The Children’s Museum launched its Artist-in-Residence program this year, starting with artist Jaime Molina’s three-month residency. Banowetz is the second artist to participate.

“The program came about as we were doing the museum’s expansion, because we wanted a way to connect children to the Colorado artist community,” explains Rachael Fischer, marketing coordinator at the Children's Museum, adding that the program “aspires to show that art can be anything — that it’s not constricted to one medium.”

The idea was to showcase the variety of art produced in Colorado, and Banowetz’s inflatable sculptures certainly do that. “Right now I’m telling guests at the Children’s Museum all about [rotifers], and then having the children draw their own versions of the tiny creatures," says the artist. Drawings of rotifers have slowly begun to fill the Artist-in-Residence Studio and are influencing the forms that Banowetz will create for the museum. At the end of her tenure, she'll leave one of her pieces with the museum.

“I hadn’t visited the Children’s Museum since I was a child, but I loved the idea of working in a space with children,” Banowetz says. She isn’t a stranger to teaching: Banowetz has assisted in summer art camps for kids, she mentored young people through Arts Street, and she’s currently a teaching artist with ArtReach and Think 360 Arts. “I’ve always felt art is a necessary subject for children; it teaches problem-solving and physical skills, which empower young people,” she says.

Banowetz shows work in galleries and at events and pop-up shows, and she even did a piece for a friend’s party once, creating a crashed air balloon that guests could climb into. “My work doesn’t exactly fit in coffee shops,” she says, noting that the pieces are too large, and the blowers are too noisy.

But the artist’s pieces definitely work well outdoors, and Banowetz has shown at Burns Park as part of the Burns Park Temporary Sculpture Celebration. “In Russia I showed pieces outside in the small town of Kronstadt,” she adds. “I also make inflatables as a part of Hanzon Studios for the Houston Zoo and its annual zoo lights event.”  

Banowetz is currently working on a project for a light festival in Europe, as well as other pieces. “I will be showing in the lobby of GOCA in Colorado Springs for their Brilliant event, and I’m discussing showing work in the gallery of the Art Gym later this summer,” she says.

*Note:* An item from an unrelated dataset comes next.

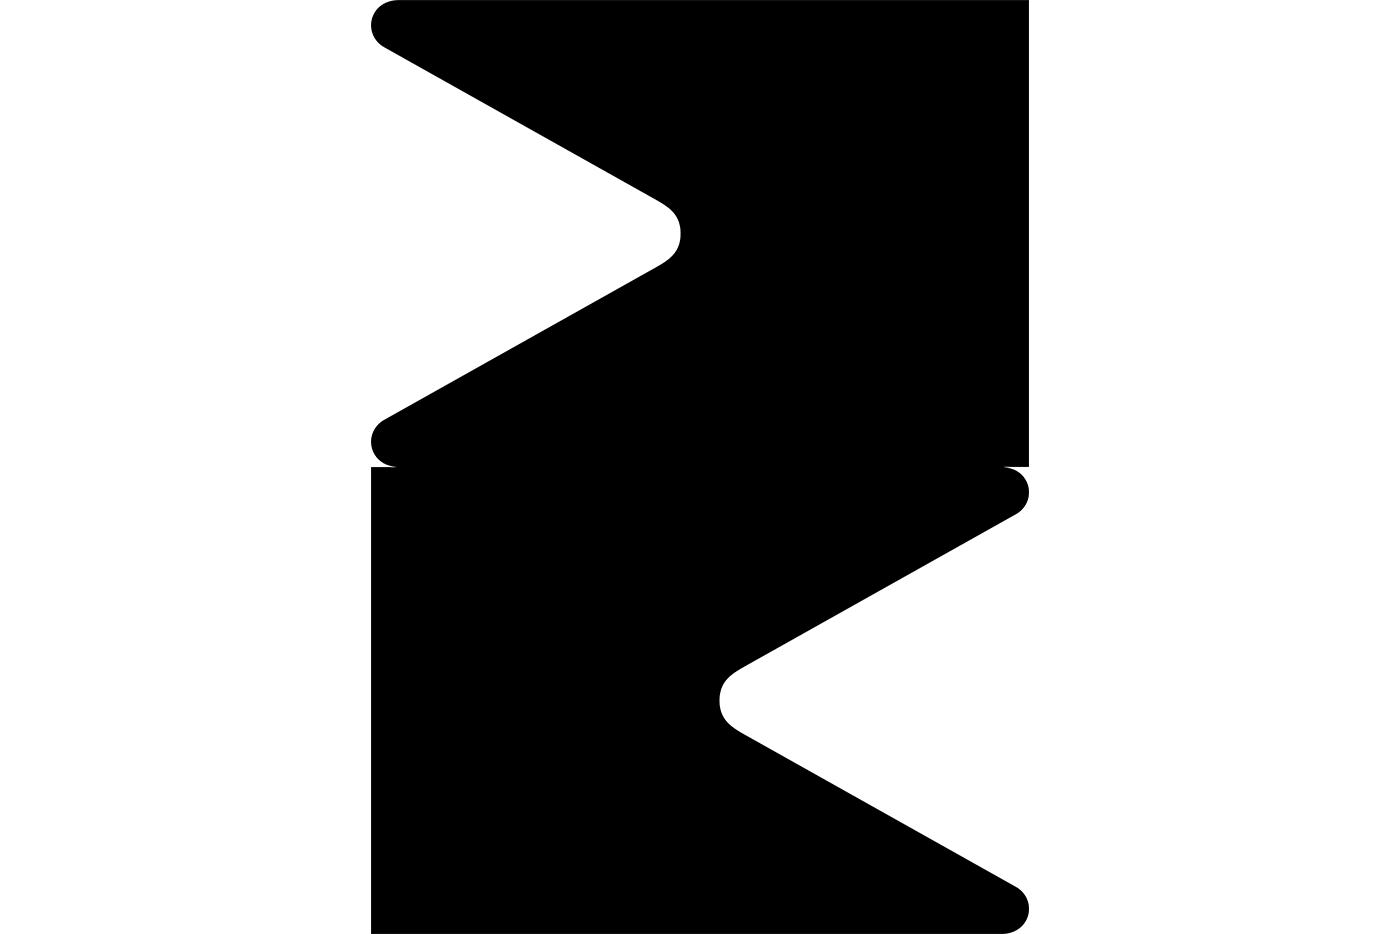 projects/April2019/YaHVBZCzTpFTXHSiAgsu.png

Her piece for the Children’s Museum will be installed in late June and unveiled this July.

You don’t have to wait until the unveiling to see Banowetz’s Children's Museum work, though. As part of her residency, the sculptor is holding studio hours from 11 a.m to 1 p.m. Wednesdays and 11 a.m. to 2 p.m. Saturdays.  And from 5:30 to 7 p.m. on Wednesday, May 18, Banowetz will host a special workshop at her museum studio with what she promises will be “some really cute, compelling visuals,” as children design their own inflatable sculptures from plastic bags.